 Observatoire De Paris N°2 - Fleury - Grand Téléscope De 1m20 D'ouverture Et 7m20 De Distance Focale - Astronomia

...

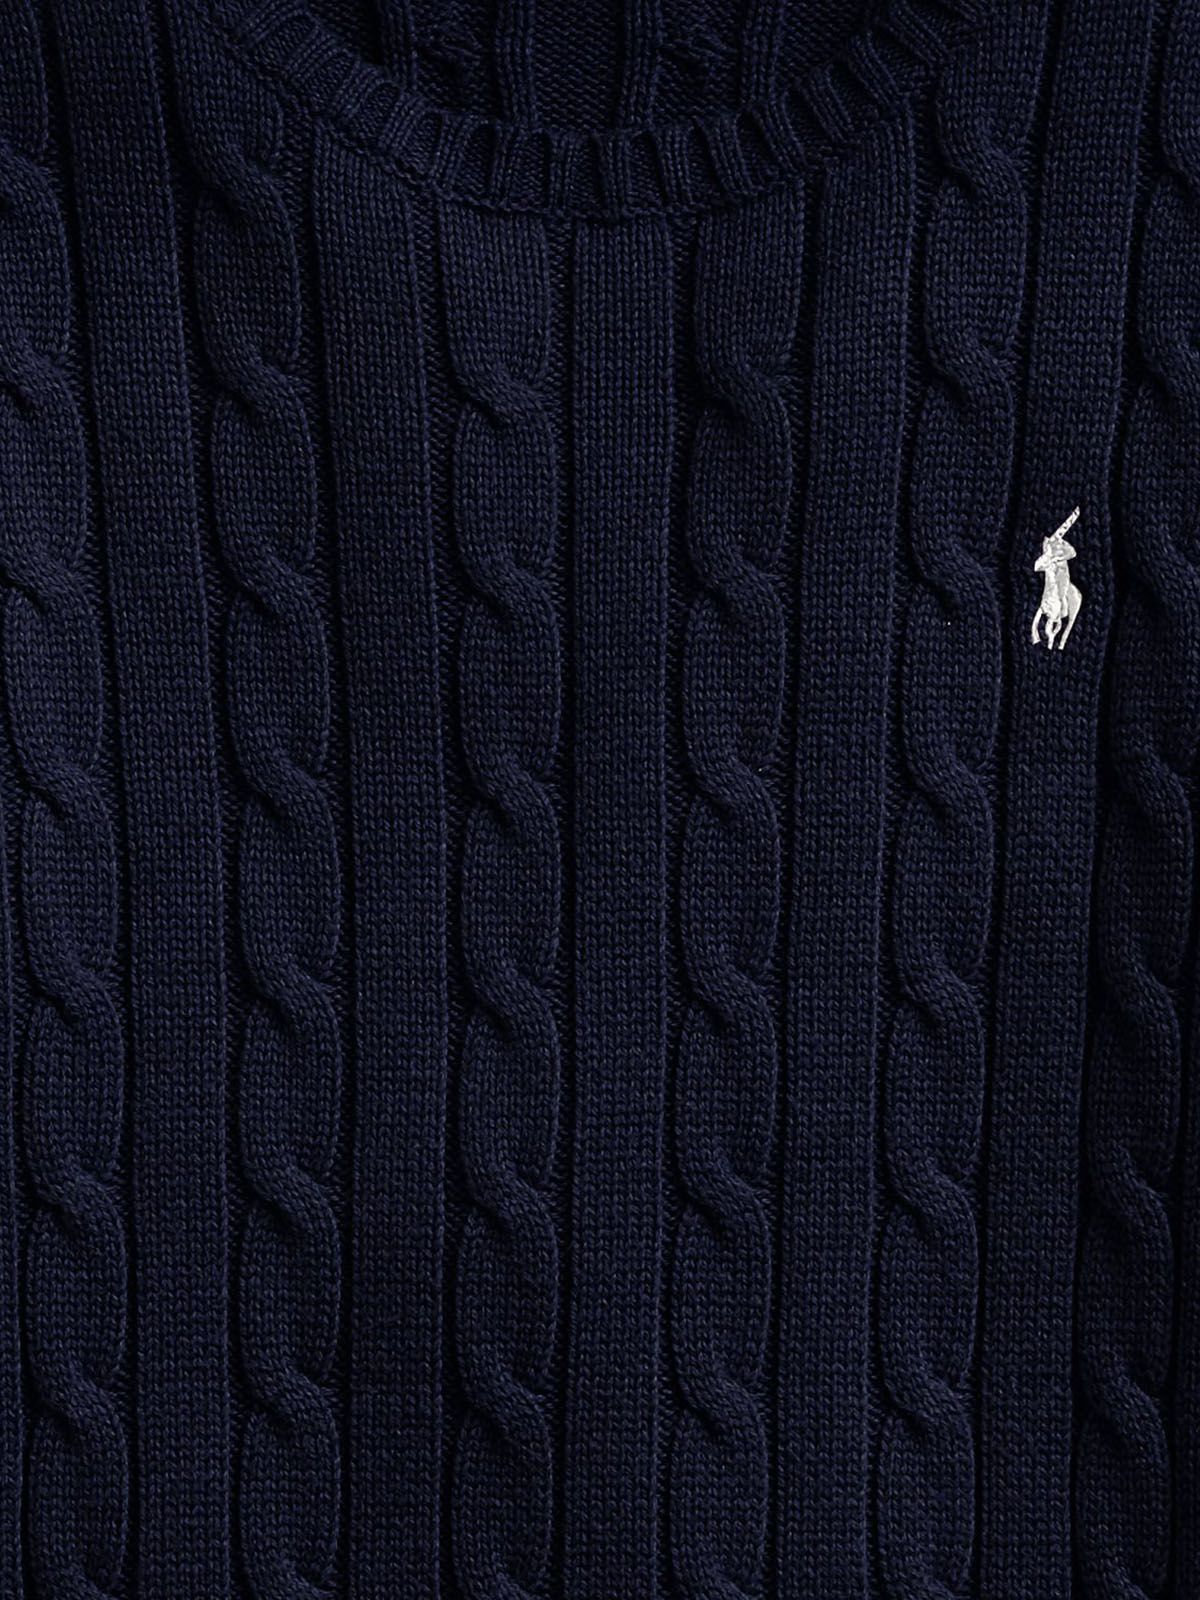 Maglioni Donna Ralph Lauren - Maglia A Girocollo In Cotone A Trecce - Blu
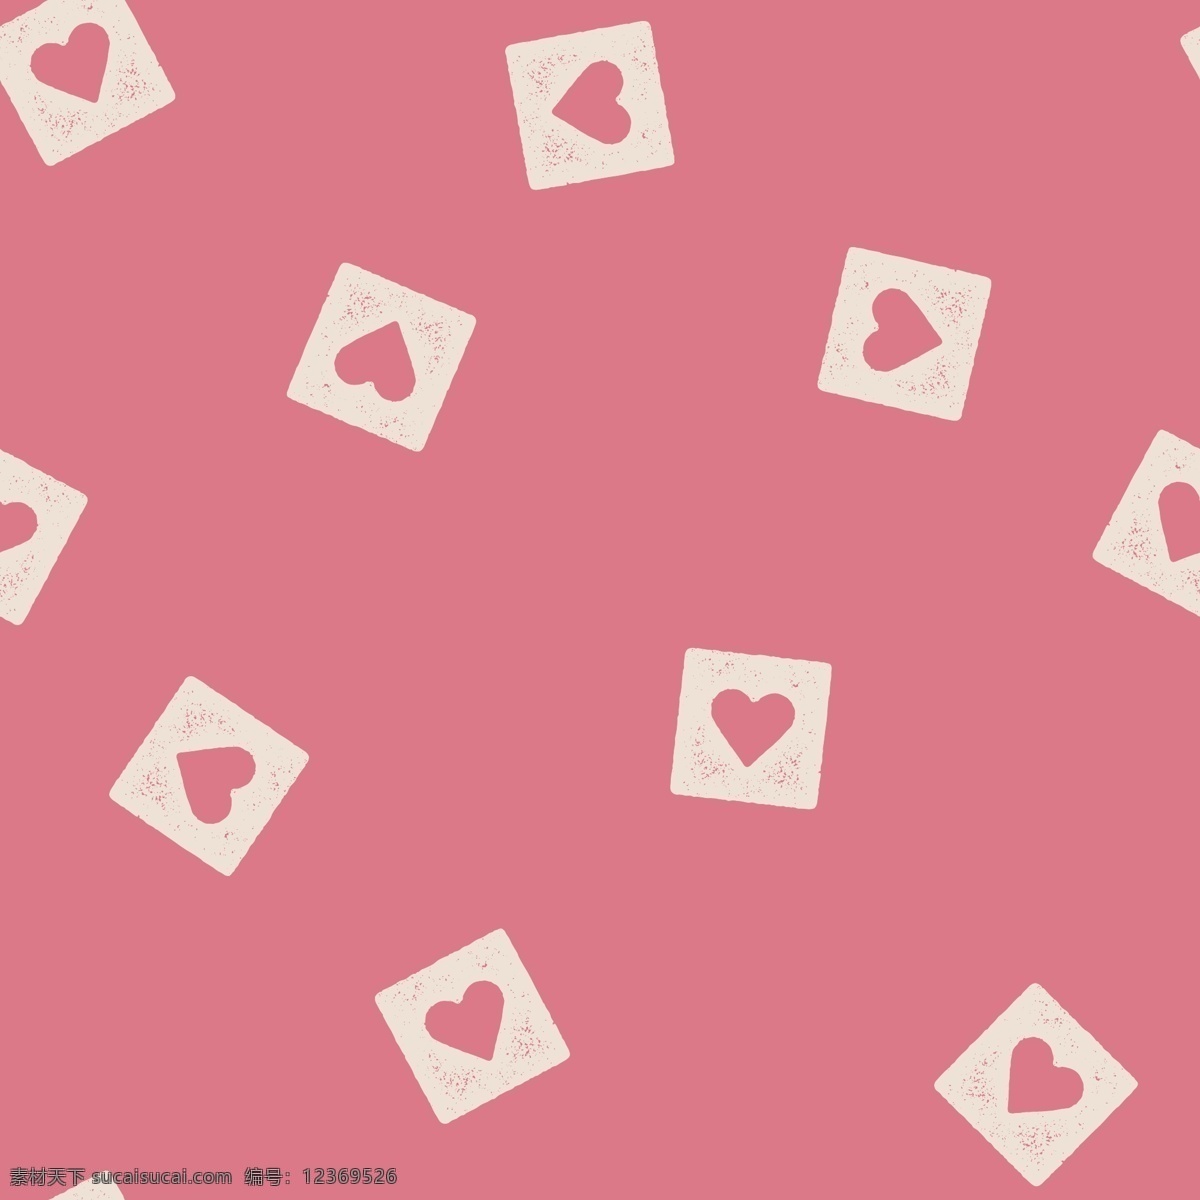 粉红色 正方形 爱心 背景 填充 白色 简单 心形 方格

■ **What is being asked**
Using the listing above, restate exactly the range between the lines holding "Maglioni Donna Ralph" and "粉红色 正方形 爱心 背景 填充 白色 简单 心形 方格", inclusive, with pictures left out.

■ **Result of this task**
 Maglioni Donna Ralph Lauren - Maglia A Girocollo In Cotone A Trecce - Blu
 粉红色 正方形 爱心 背景 填充 白色 简单 心形 方格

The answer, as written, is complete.